= Publius Cornelius Scipio (consul 16 BC) =

Publius Cornelius Scipio (born 48 BC) was a Roman senator active during the Principate. He was consul in 16 BC as the colleague of Lucius Domitius Ahenobarbus. He was also proconsular governor of Asia, probably around the years 8/7 BC.

==Ancestry==
Little is known about Scipio's ancestry, beyond his father's praenomen Publius. The latest securely documented members of the Cornelii Scipiones was Metellus Scipio and his daughter Cornelia; there were still several Scipiones during the Principate, but how they are related is a subject of conjecture. The use of Publius, primarily used by the Scipiones Nasicae, could indicate that he was the grandson of Metellus Scipio, but he could have also been a son (or grandson) of Scipio Salvito.

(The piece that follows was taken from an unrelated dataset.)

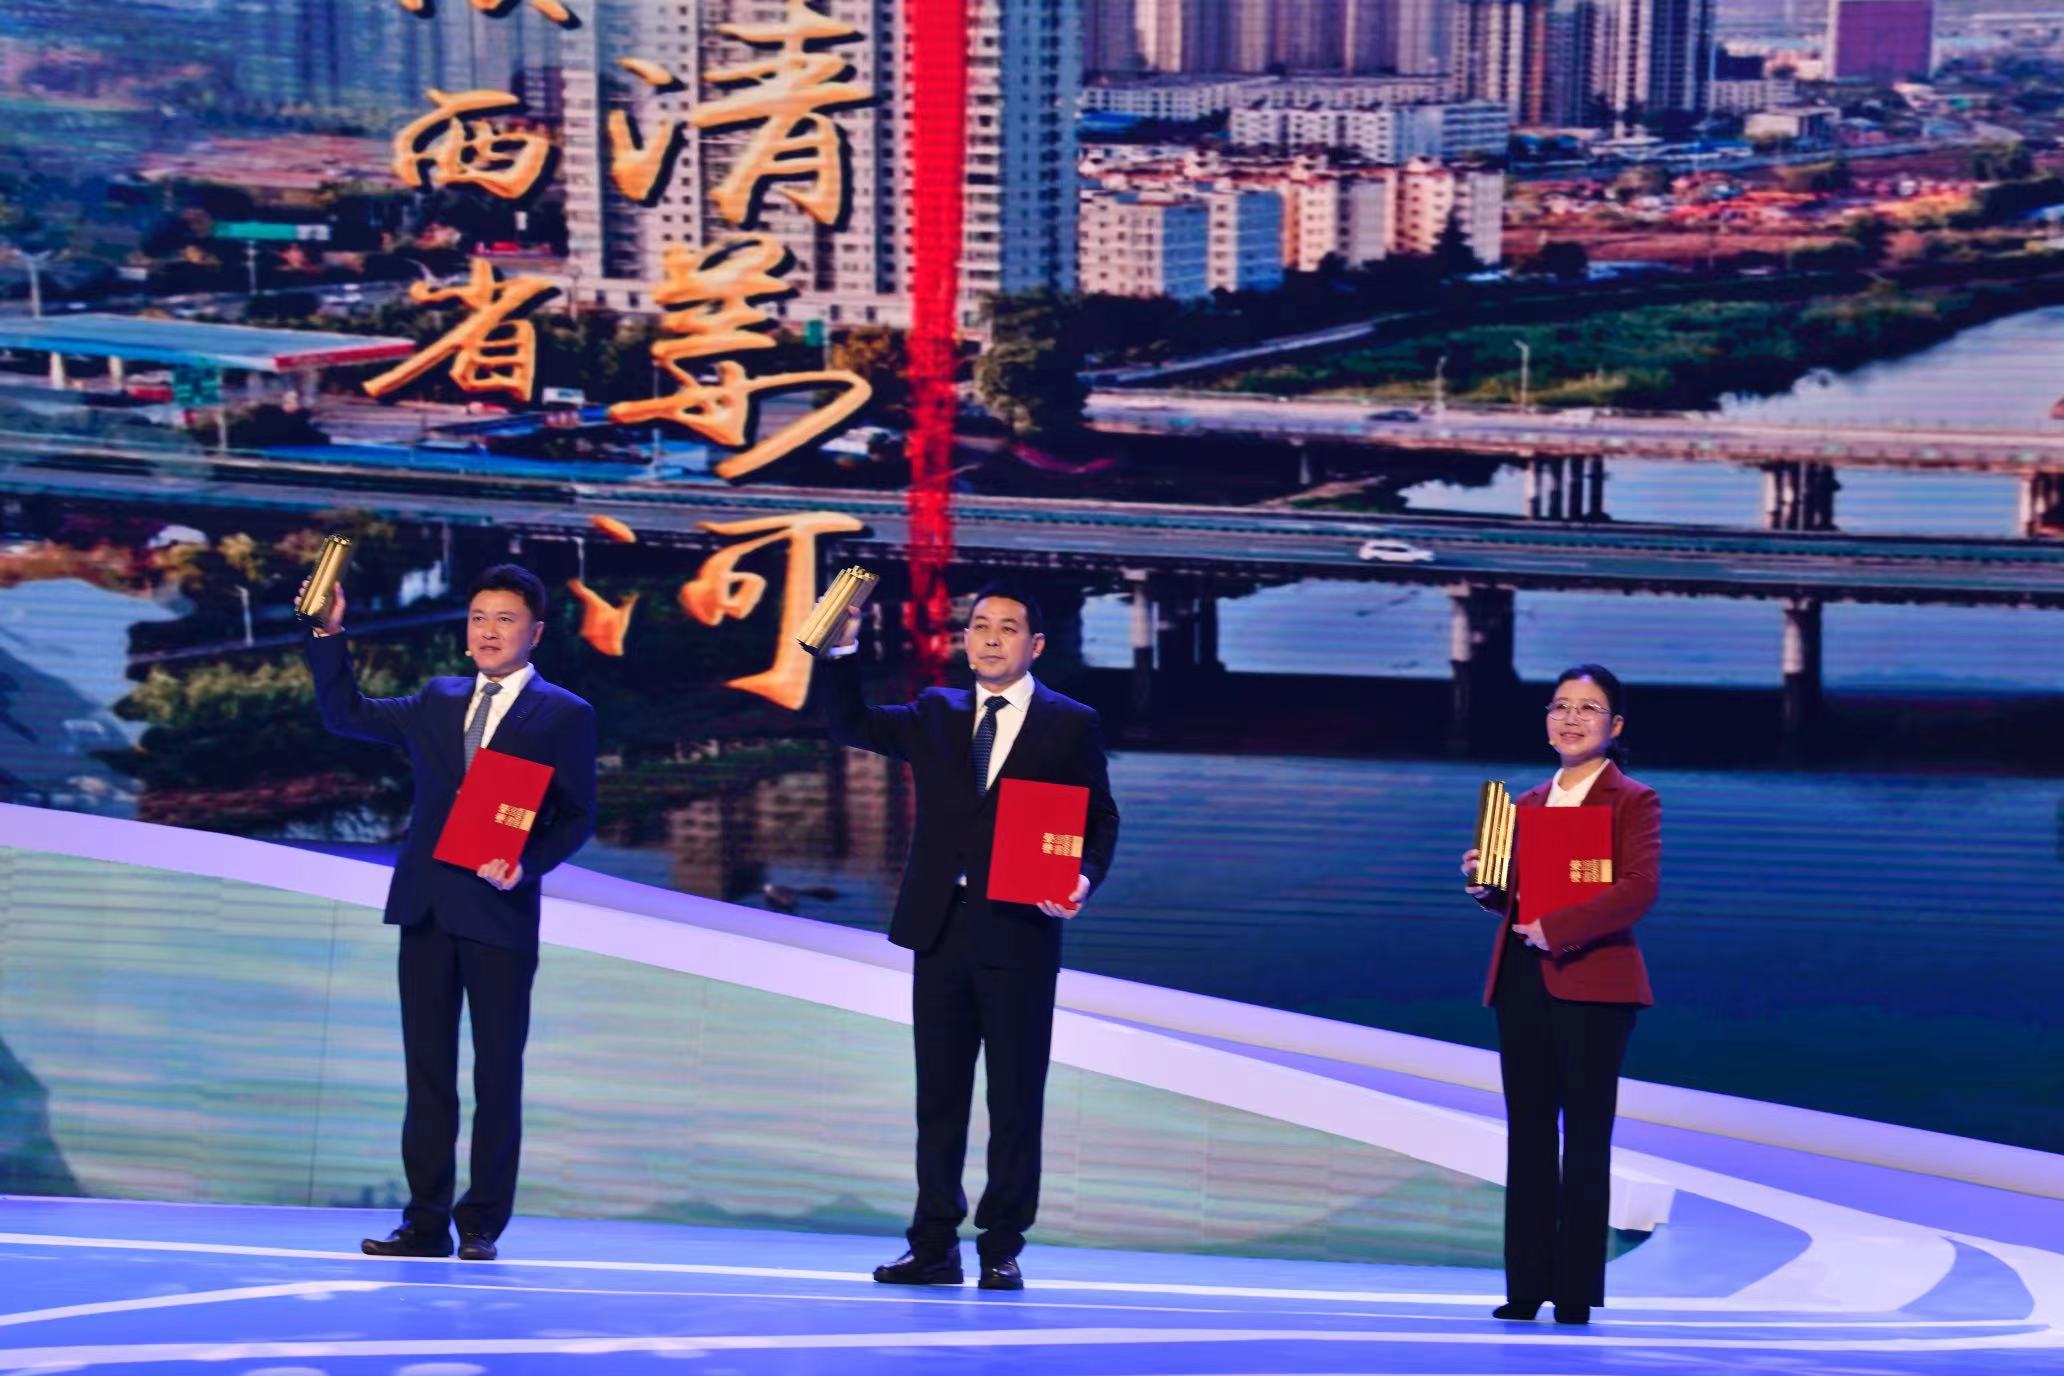 宝鸡市渭滨区捧回全国“最美家乡河”奖杯 此项殊荣陕西省唯一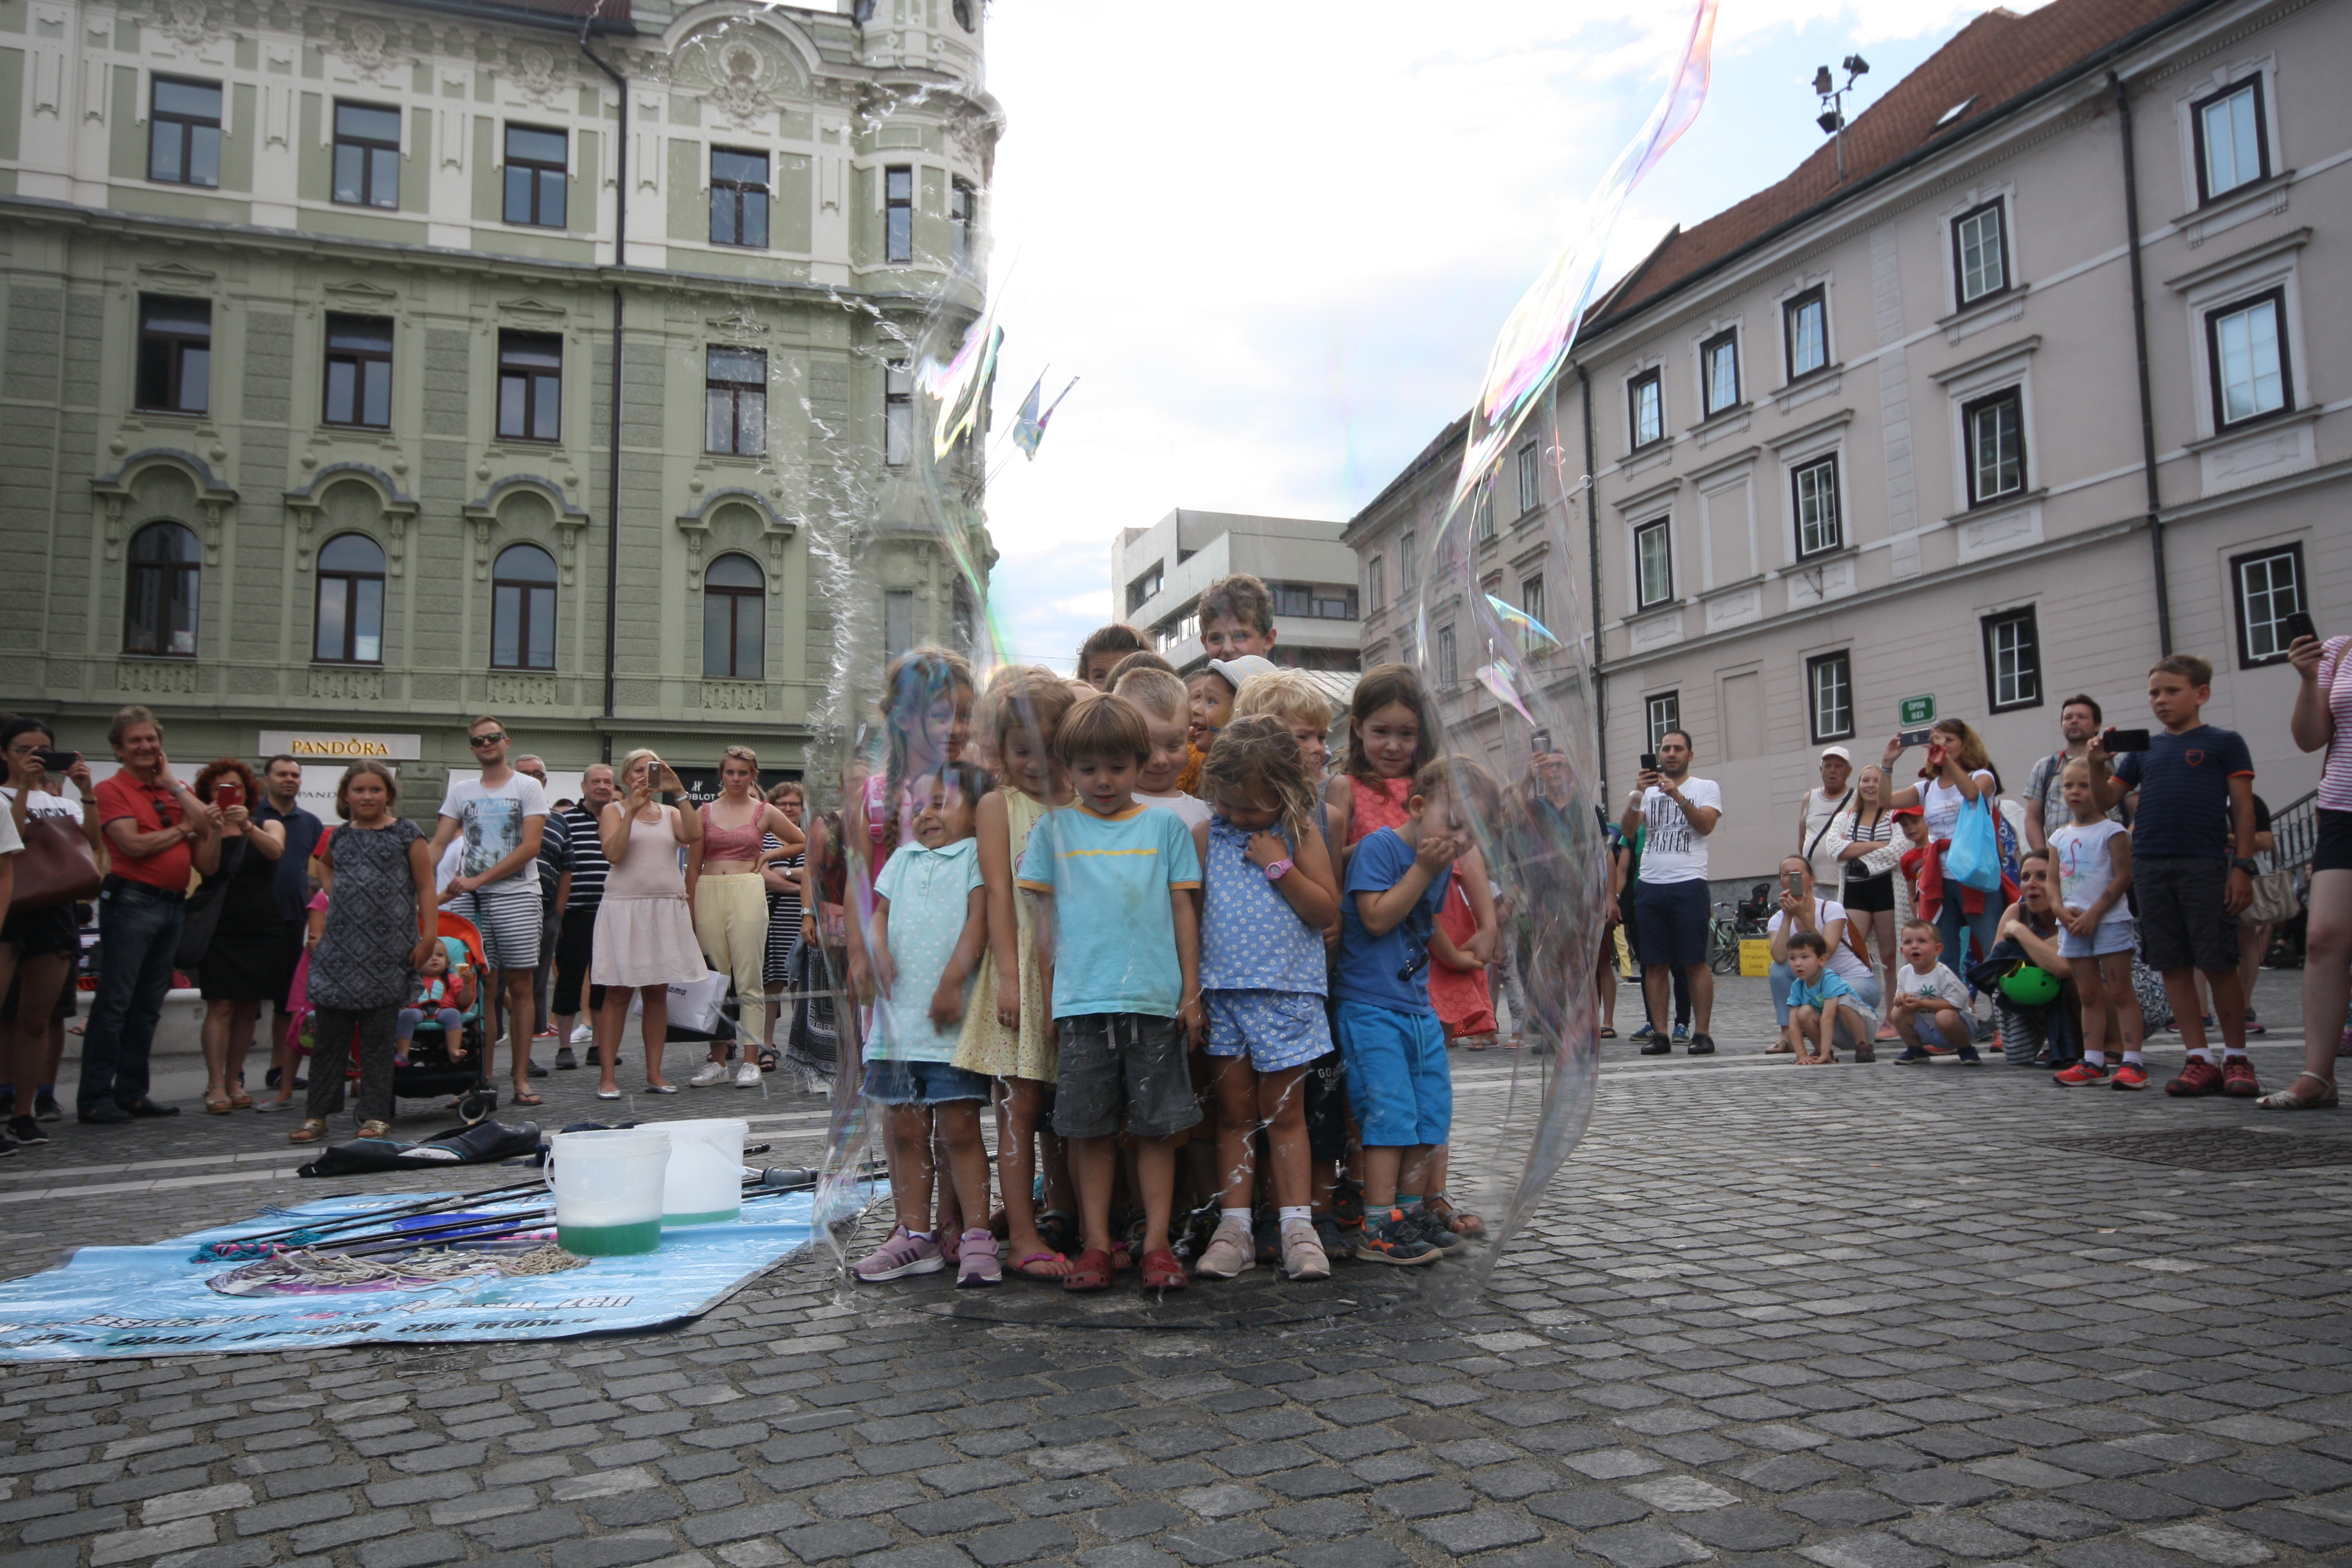 Imagem mostra crianças dentro de uma bolha de sabão observadas por grupo de adultos, em uma praça na Europa

It was long believed the consul of 16 BC was the son of a hypothesized Publius Cornelius Scipio, the first husband of Scribonia, later the wife of Octavian. Suetonius only mentions children from Scribonia's second marriage.

== Family ==
At least two people have been identified as his children by an unidentified woman:
- Cornelius Scipio, who was accused of and punished for adultery with Julia the Elder in 2 BC. While Ronald Syme believes this man is different from the consul, Henri Etcheto believes he could be the same as the consul of 16 BC.
- Publius Cornelius Scipio, quaestor in Achaea circa AD 2. Another suggestion by Syme; however Etcheto argues this man could have been adopted from the plebeian Aurelii Orestides, because this Scipio was tribune of the plebs, a magistracy only held by the plebeians and the Scipiones were patricians.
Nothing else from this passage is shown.